Nikumb’s neuromodulation electrode has the capacity to both record and stimulate, and can identify and potentially treat the focal cells causing the symptoms. Smaller in size than the tip of a pin, with up to 16 microelectrodes built in, this new device can be inserted into the brain without an open incision. This minimally invasive surgical method was developed with the neurological expertise of Dr. Mandar Jog, PhD, director of the Movement Disorders Program at the Movement Disorders Clinic (London, ON), who uncovered the initial need and undertook the device’s biological evaluation.
This collaboration of technology and medicine can reduce the effects and perhaps even treat neurological diseases by effectively pinpointing and eliminating abnormal cells.
Such advancements not only benefit seniors, but infants as well. With more babies surviving premature birth at earlier stages, more families face the considerable likelihood that their child may suffer from a neurological disorder. Early diagnosis and on-going monitoring of treatment are critical elements to improving this outcome. In order to achieve a correct diagnosis, a high-field MRI is needed to provide the required imaging resolution of the baby’s brain (Figure 2). However, developing the methods needed to achieve these images would require infant subjects to be exposed to hundreds of hours of MRI.
One solution being explored is the use of a tissue-mimicking phantom that can take the infants’ place. Gord Campbell, PhD, leader of the solid shaping processes research group at the NRC-IMTI, is using his expertise in creating hydrogel materials and working with medical physicists Neil Gelman, PhD of the Lawson Health Research Institute (London, ON) and Gerald Moran, PhD of McMaster University (Hamilton, ON) to identify a suitable combination of materials and morphology.
Together, their work promises to generate methods that will provide the accurate image needed for neonatologists to diagnose conditions and adjust treatment. With this, many neurological deficits in children can be reduced or avoided through timely action.
In all three areas — hip transplants, Parkinson’s disease and neonatal brain deficit diagnosis — combining technology and medicine is leading to new knowledge, new products and new patient treatments. What makes this approach successful is having multiple partners — in these cases, health-care professionals and scientists who are technology specialists — work together, within the context of scientific and health-care research centres, and with the support of funding agencies.
Researchers involved in the above-mentioned projects are located at various universities and research centres in southwestern Ontario, and are assisted by the Canadian Institutes of Health Research (Ottawa, ON). In this instance, geographical proximity, or clustering, provides a valuable basis for collaboration.

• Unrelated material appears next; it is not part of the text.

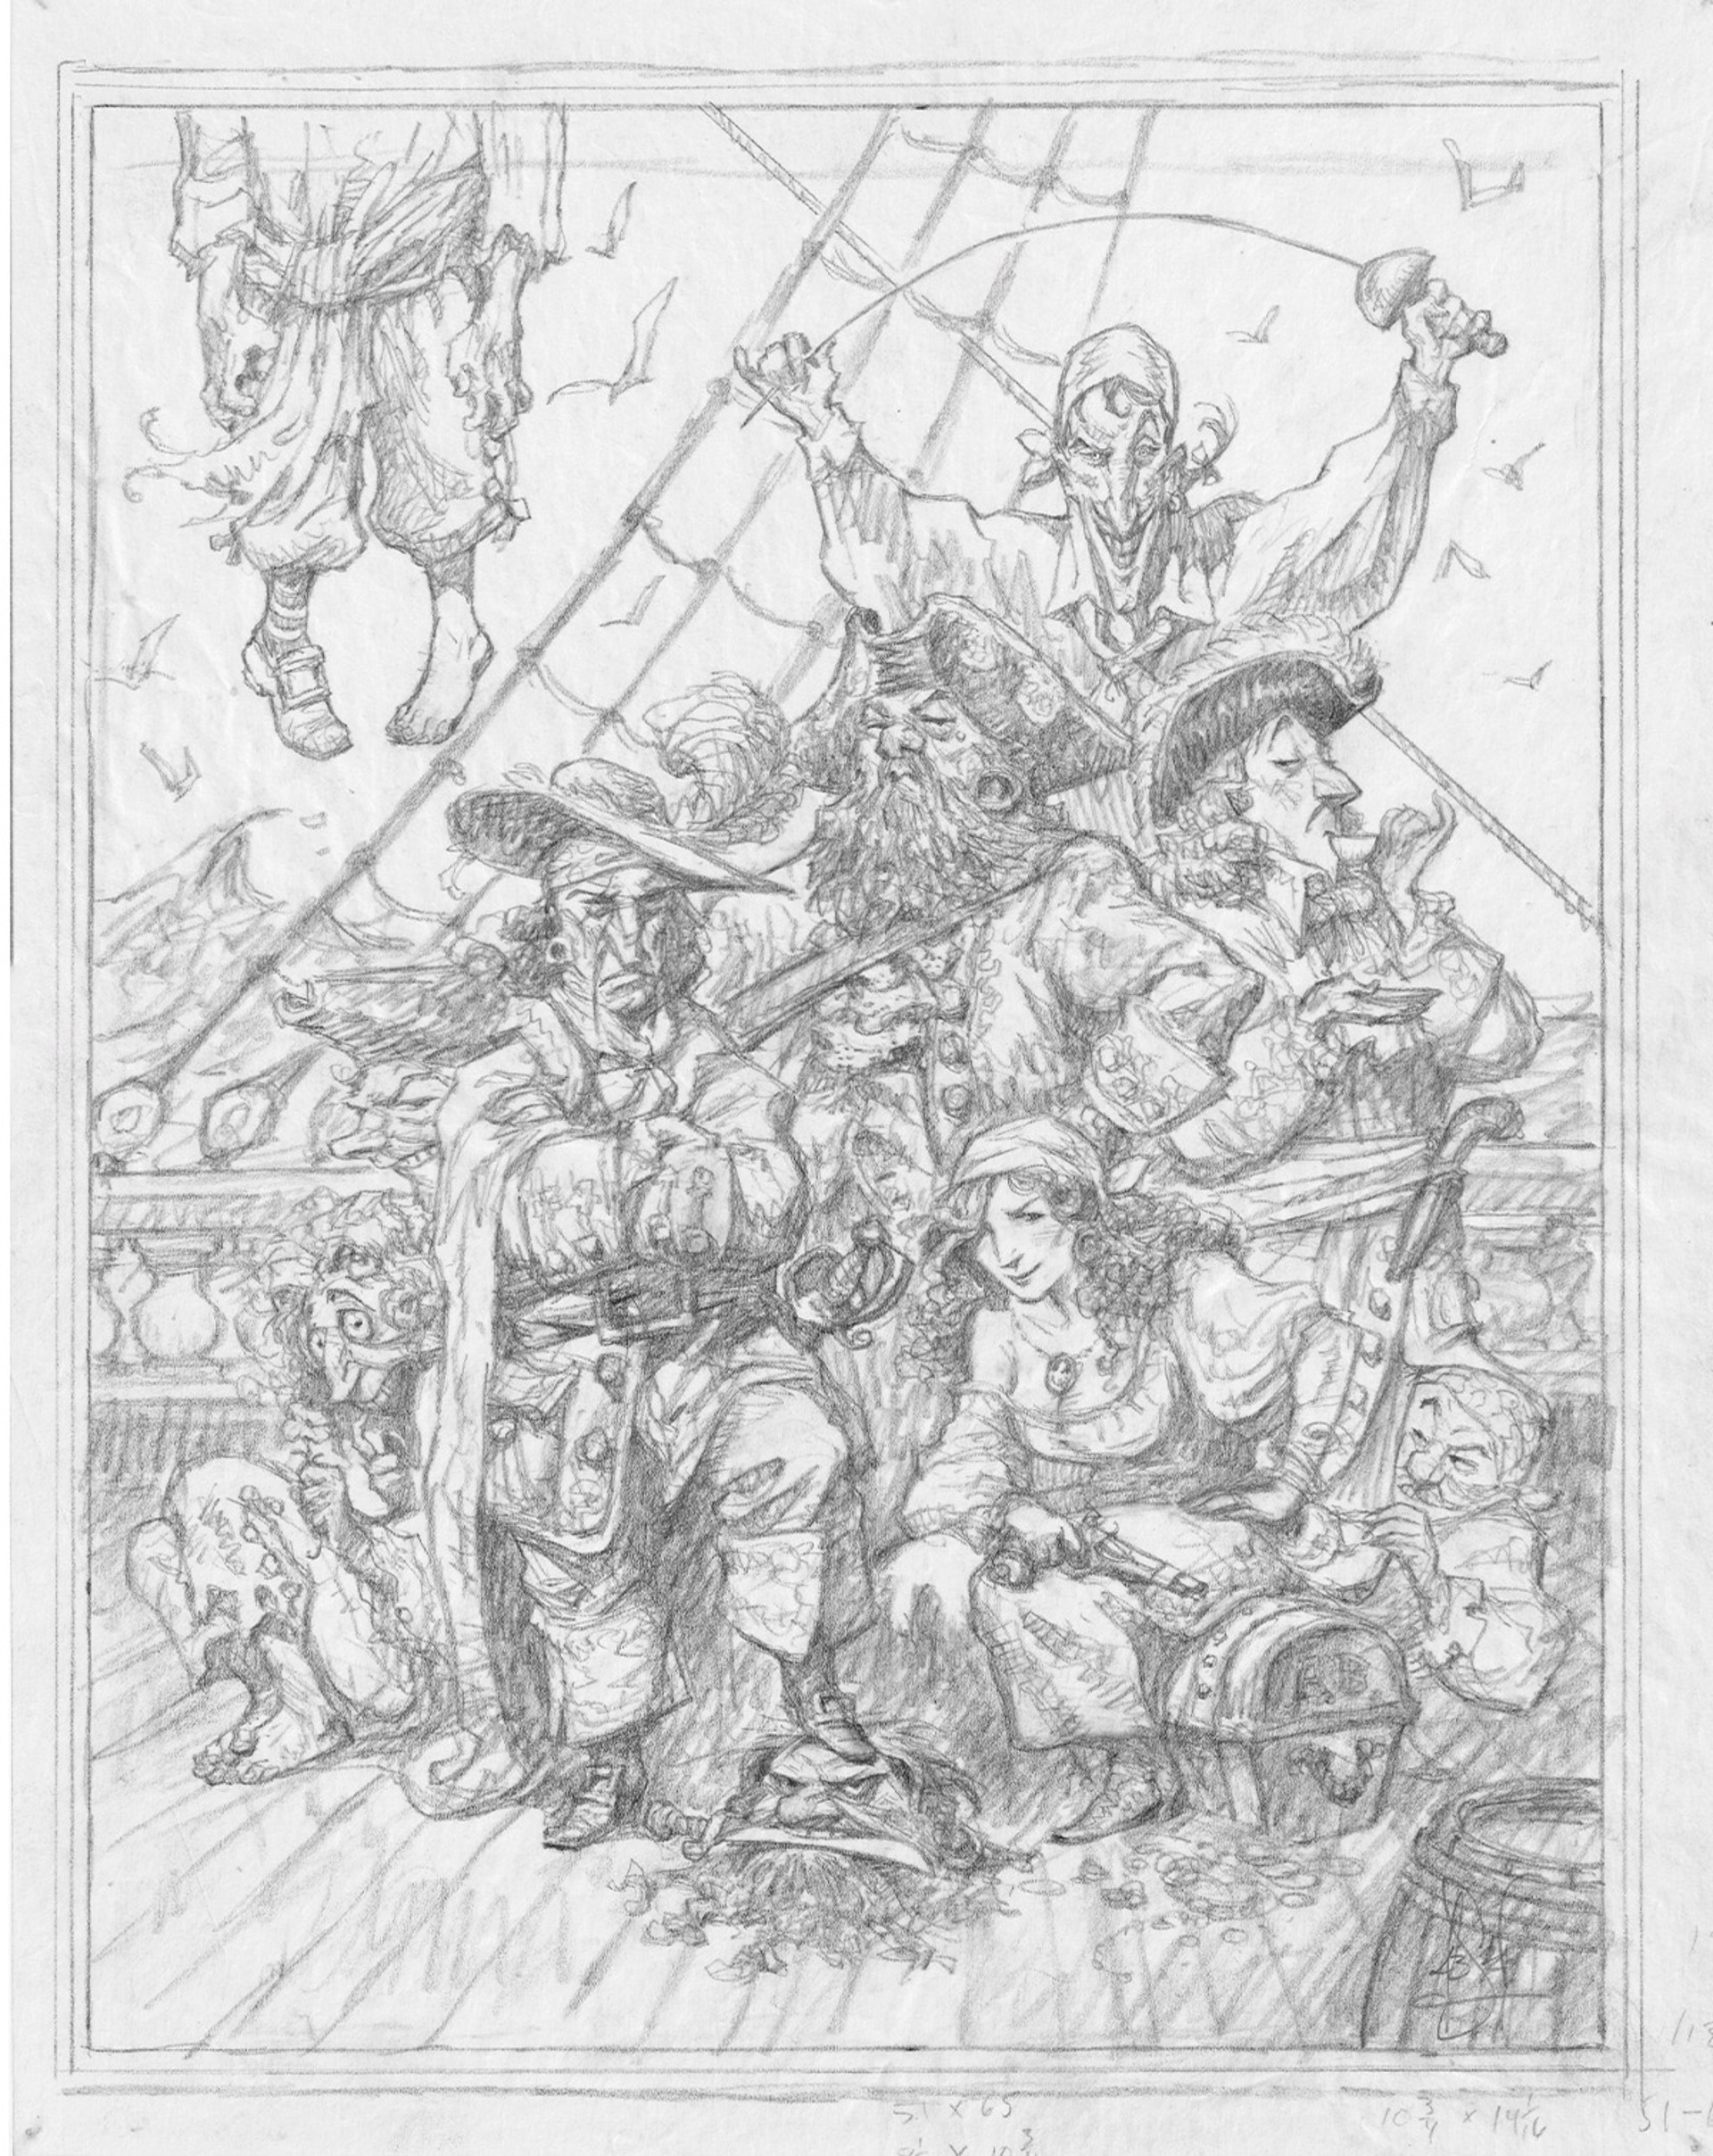 Pirates by Peter de Sève
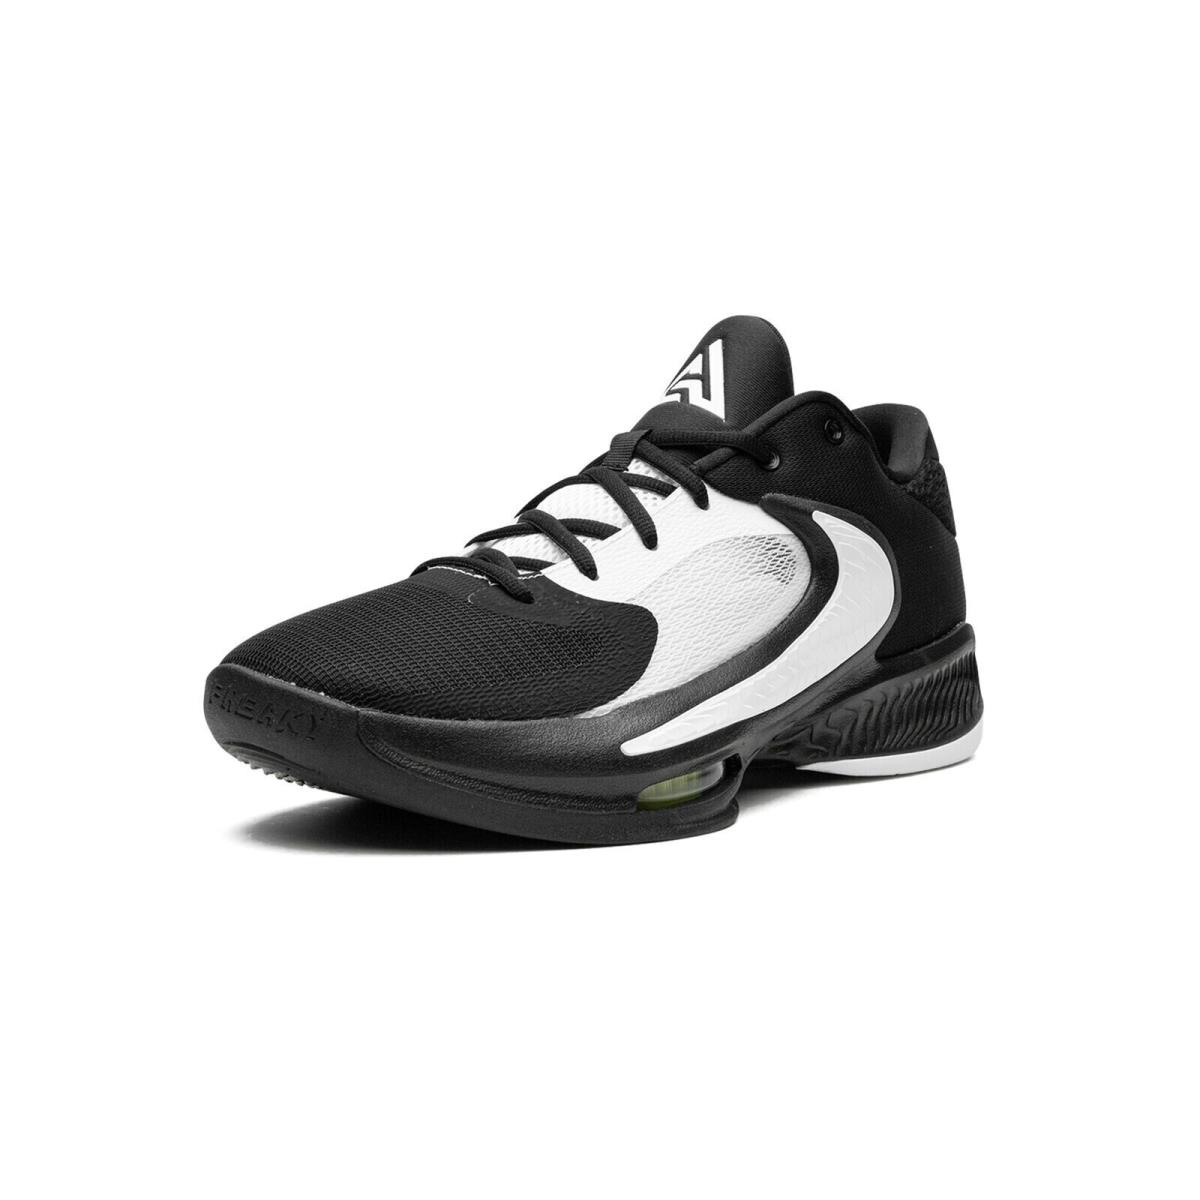 Nike Mens Zoom Freak 4 TB Basketball Shoes Size 11.5 Box NO Lid DO9679 002 - black /white -black

Translating these innovative technologies rests on the involvement of industry, which has the capacity to take new solutions to the marketplace. Medtrode Inc. (London, ON) and Multi Magnetics Inc. (London, ON) are assisting in this effort with the neuromodulation electrode and the neonatal brain phantom, respectively.

Murray Hunter is the senior communications officer for the NRC-IMTI, which focuses on innovative and strategic research, in collaboration with industrial, university and government partners.